The Null Device
2001/10/26
A number of new products have emerged in the climate of fear in the wake of terrorist attacks. They include anthrax-proof mail-opening tanks (created from fish tanks), parachutes for highrise employees and metal-free bras that don't set off metal detectors. It's all rather Viridianesque.
One-time big-name pop star Michael Jackson is releasing his first album in many years; and attempting to put his freak-show image and child-abuse allegations behind him, has attempted to make it as straight and boring as possible, with any eccentricities swept under the carpet of slick, commercial-strength R&B production. According to The Guardian, however, the result has been not only tedious, but also unintentionally disturbing:
Then there is The Lost Children, a hideous, syrupy sub-Broadway showtune featuring Jackson and an infants' choir. It ends with a fearful child's voice saying "It's so quiet in the forest... it's getting dark, I think we'd better go home now." It's creepy, has deeply unpleasant connotations and is appallingly misjudged.
Seen on a mailing list:
Former heavyweight boxing champ Muhammad Ali visited the ruins of the World Trade Center on Thursday. When reporters asked how he felt about the suspects sharing his Islamic faith, Ali responded pleasantly, "How do you feel about Hitler sharing yours?"
Muhammad Ali was, of course, the American boxing champion who was stripped of his title for refusing to fight in the Vietnam War; an action echoed recently when the World Boxing Council stripped Australian boxer Anthony Mundine, a Muslim, of his rank for saying that the US brought the attacks onto itself. (Apparently athletes aren't meant to say anything controversial, just parrot the patriotic party line.)
Via Lukelog: the Quirky Japan Homepage; a collection of resources on all the odd and unusual aspects of Japanese culture, from fringe subcultures to unusual vending machine items.
The EFF are attempting to catalogue instances of the chilling effects of "anti-terrorism" on freedom of expression. So far we have some Middle Eastern militant sites pulled, the web site of radical leftist activist Al Lewis (better known as Grandpa Munster) pulled by his ISP and a page on flag-burning whose owner removed it after "choosing to no longer to care about this cause", among other incidents.

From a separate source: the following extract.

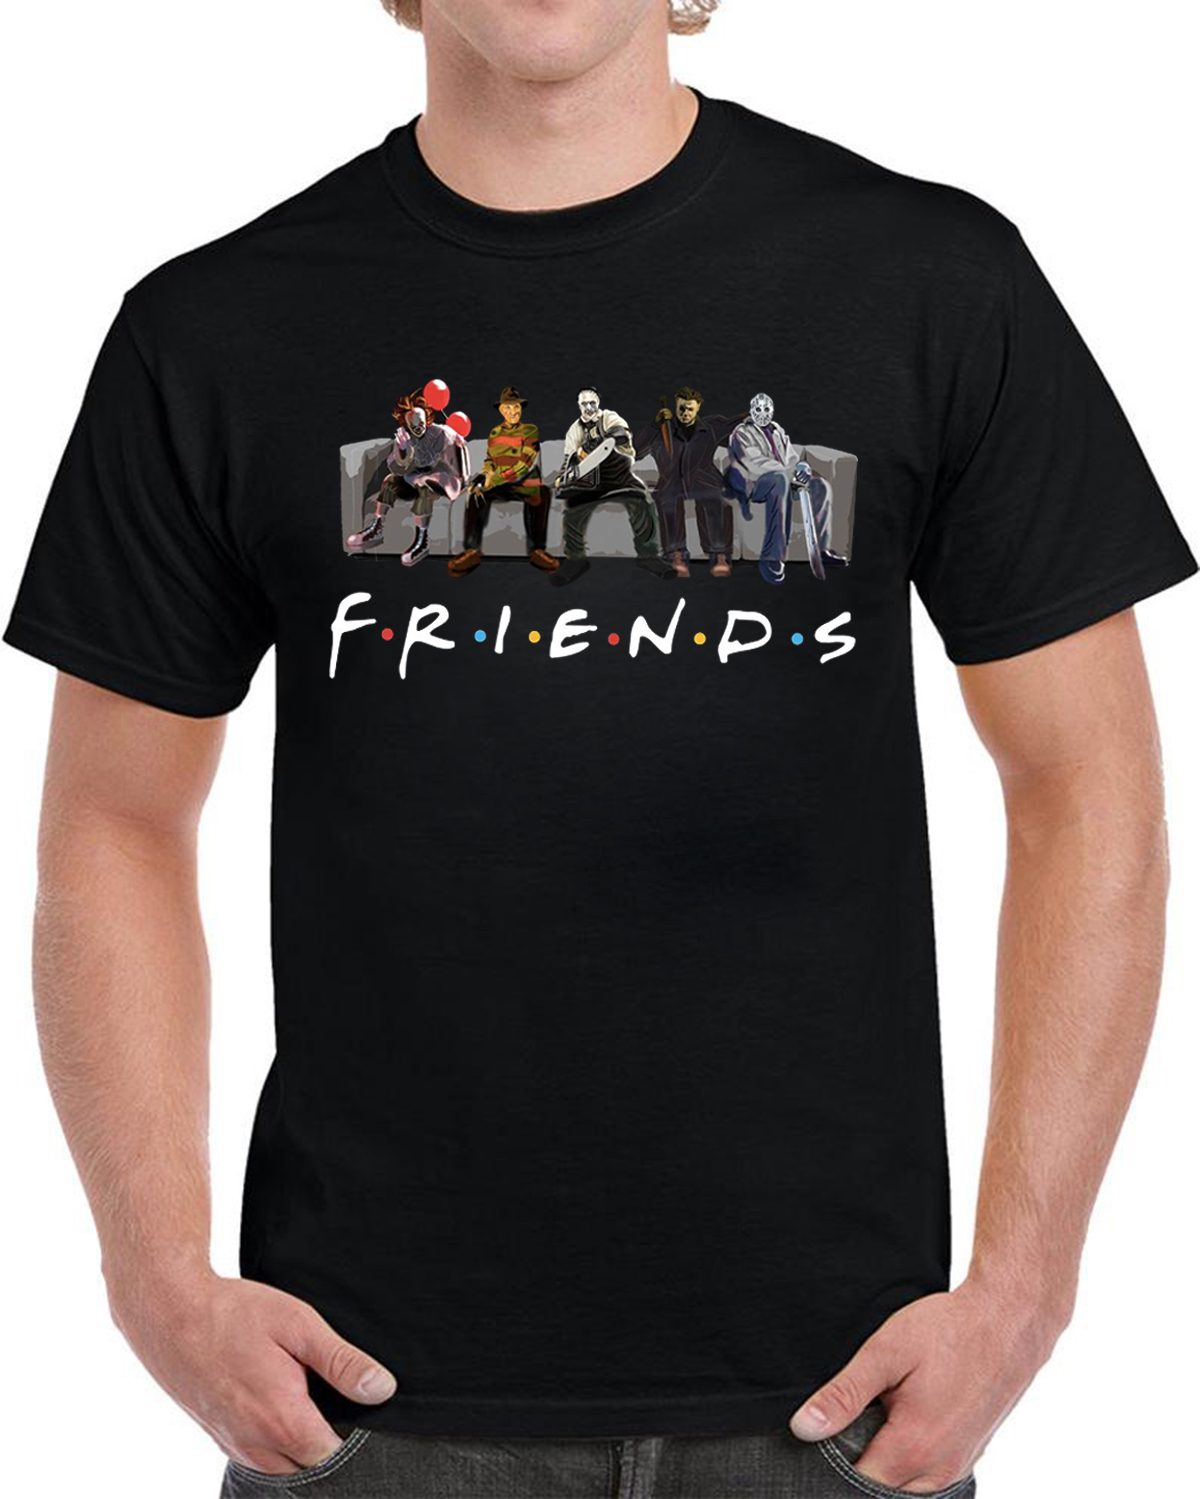 Funny Horror Movie Characters Friends TV Show T-Shirt - Reviewshirts Office
 Friends Shirt Tv Show

A new scourge is afflicting Manchester's gay bar/club scene: hordes of straight women who come for the atmosphere, and the hope of emulating the plot of a recent TV soap and "converting" one of those gorgeous, stylish gay guys. Only the gay guys aren't too happy about the whole thing:
"These women come clattering in here like herds of wildebeest, shouting: 'Oi! I think you're f---ing sexy'," complains Mark Blake, a Via Fossa regular. "They're always fat and bawdy, and I really don't know where they get their clothes from.
Meg's none too happy with blogger cliques and A-lists, and so has posted this mini-diatribe on the topic:
Whatever. Lists and cliques and blogmeets and non-blogmeets and, in fact, the entire concept of communities and blogs and bloggers in general bugs the fuck out of me at the moment and makes we want to jack this whole thing in - or at least walk away from the gameplaying backslapping snideness of it all. It's so tedious.
Perhaps I'm allergic to bloggers? Could this be the cause of my mystery ailment?
<RANT>
That echoes pretty accurately my sentiment towards another group of petty-minded,
clique-forming, hierarchy-obsessed wankers, namely goths. Not the ones who
sacked the Roman Empire, but the pale, spotty kids who got left out of all
the popular cliques at school but failed to move on, and now have formed their
own cliques with fellow socially insecure losers so that they can have a turn
at conforming and ostracising, all the while affecting a stance of
mock-suicidal alienation hewn from a few carefully stereotyped clichés.
(Don't get me wrong; there is a lot to be disaffected about, but the empty
clichés that constitute the goth vocabulary are incapable of expressing
anything other than a few stale, stylised poses. For an example, note the
difference between Radiohead and Nine Inch Nails.)
I realised a while ago that I am allergic to goths; or at least to groups of
more than one or two at a time. (Put them in groups and the Gothic Hive Mind
takes over and they cease to be individuals and become herd-following tossers.)
As such, these days I typically avoid large concentrations of goths.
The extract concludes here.